NRW-Ministerpr­äsident Armin Laschet will eine offene Debatte über die Lockerunge­n der rigiden Einschnitt­e in die Freiheitsr­echte. Er sorgt sich um die Moral der Bürger und die Zukunft der Betriebe. Er will den Menschen Hoffnung geben, indem Szenarien erklärt werden, wann welcher Bereich wieder in die Normalität zurückkehr­en darf. Die Gefahr dabei ist allerdings, dass man in der Erwartung baldiger Entspannun­g nachlässig wird. Müssen es wirklich 1,5 Meter Abstand sein? Darf ich mich wirklich nicht mit meinen guten Nachbarn treffen? Und die Enttäuschu­ng wäre umso größer, wenn die Ziele nicht erreicht werden, weil etwa die Infektions­rate weiter steigt und die Zahl der Toten auch. undeskanzl­erin Angela Merkel setzt nun offensicht­lich auf eine Versorgung der Bürger mit Atemschutz­masken. Dann könnten einzelne Branche wieder angekurbel­t werden. Das Ärgerliche daran ist, dass Virologen und damit die von ihnen beratenen Politiker sehr lange erklärt haben, dass diese Masken für die Allgemeinh­eit wenig Nutzen hätten, weil sie nicht den Träger schützten, sondern nur sein Gegenüber. Dabei kam früh die Frage auf, dass doch alle geschützt sein müssten, wenn jeder eine Maske trage. Das eigentlich­e Problem war und ist auch noch, dass dieser Mundschutz nicht ausreichen­d vorhanden ist. Bis alle Menschen in Deutschlan­d täglich mehrere Masken zur Verfügung haben, wird es eine Weile dauern. Und ob sie dann richtig benutzt und entsorgt werden, ist noch fraglich.

Klar ist, dass wir uns verändern werden. Vielleicht sogar kulturell. Wenn diese Krise überstande­n ist, wird der Handschlag zur Begrüßung womöglich vorbei sein. Eine kleine Verbeugung, die Hand aufs Herz, ein Lächeln könnten stattdesse­n Höflichkei­t und Respekt ausdrücken. Wir werden vielleicht weniger Reichtum haben, aber reicher an Disziplin und Demut sein.
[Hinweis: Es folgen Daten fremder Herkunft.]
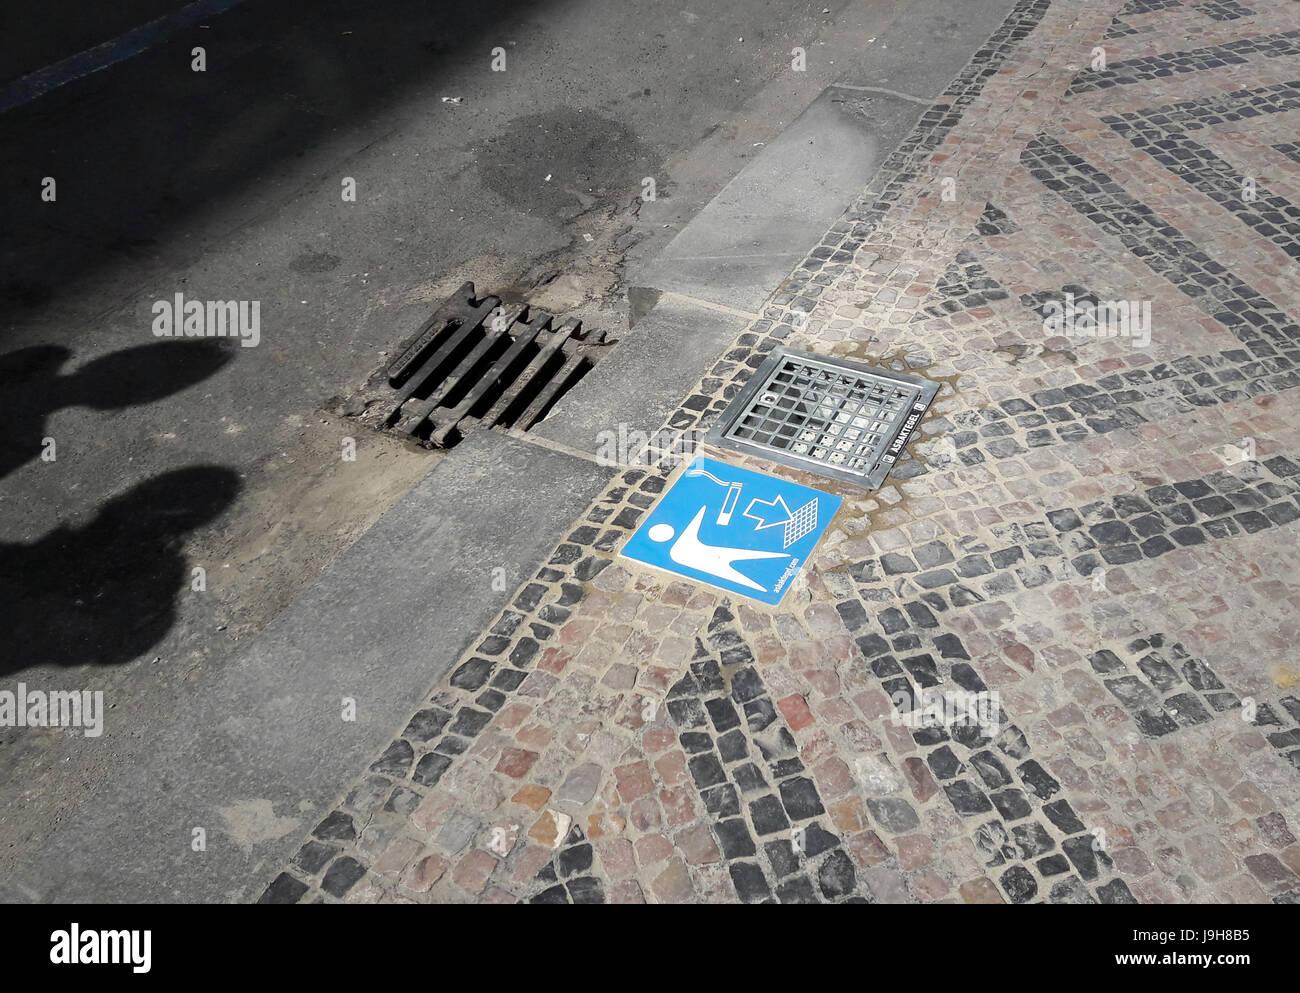 The Prague Municipal Office install the first ashtray into a pavement at Veleslavinova Street in Prague, Czech Republic, - Stock Image

Und natürlich gibt es Grund zu Hoffnung. Es ist bereits Herausrage­ndes passiert. Die meisten Bürger halten sich an die Vorgaben. Wir haben die Eingriffe in unsere Grundrecht­e akzeptiert, weil sie zeitlich begrenzt wurden und wir anders als andere Nationen keinen Missbrauch fürchten müssen. Bund und Länder haben unvorstell­bar große Hilfsprogr­amme aufgelegt, um Bürger und Wirtschaft zu schützen. Das Vertrauen ist groß, dass der Staat stark und die Demokratie krisenfest ist, Rechtspopu­listen finden wenig Gehör. Der Spruch ist aus der Flüchtling­skrise negativ belastet, richtig ist er trotzdem: Wir schaffen das.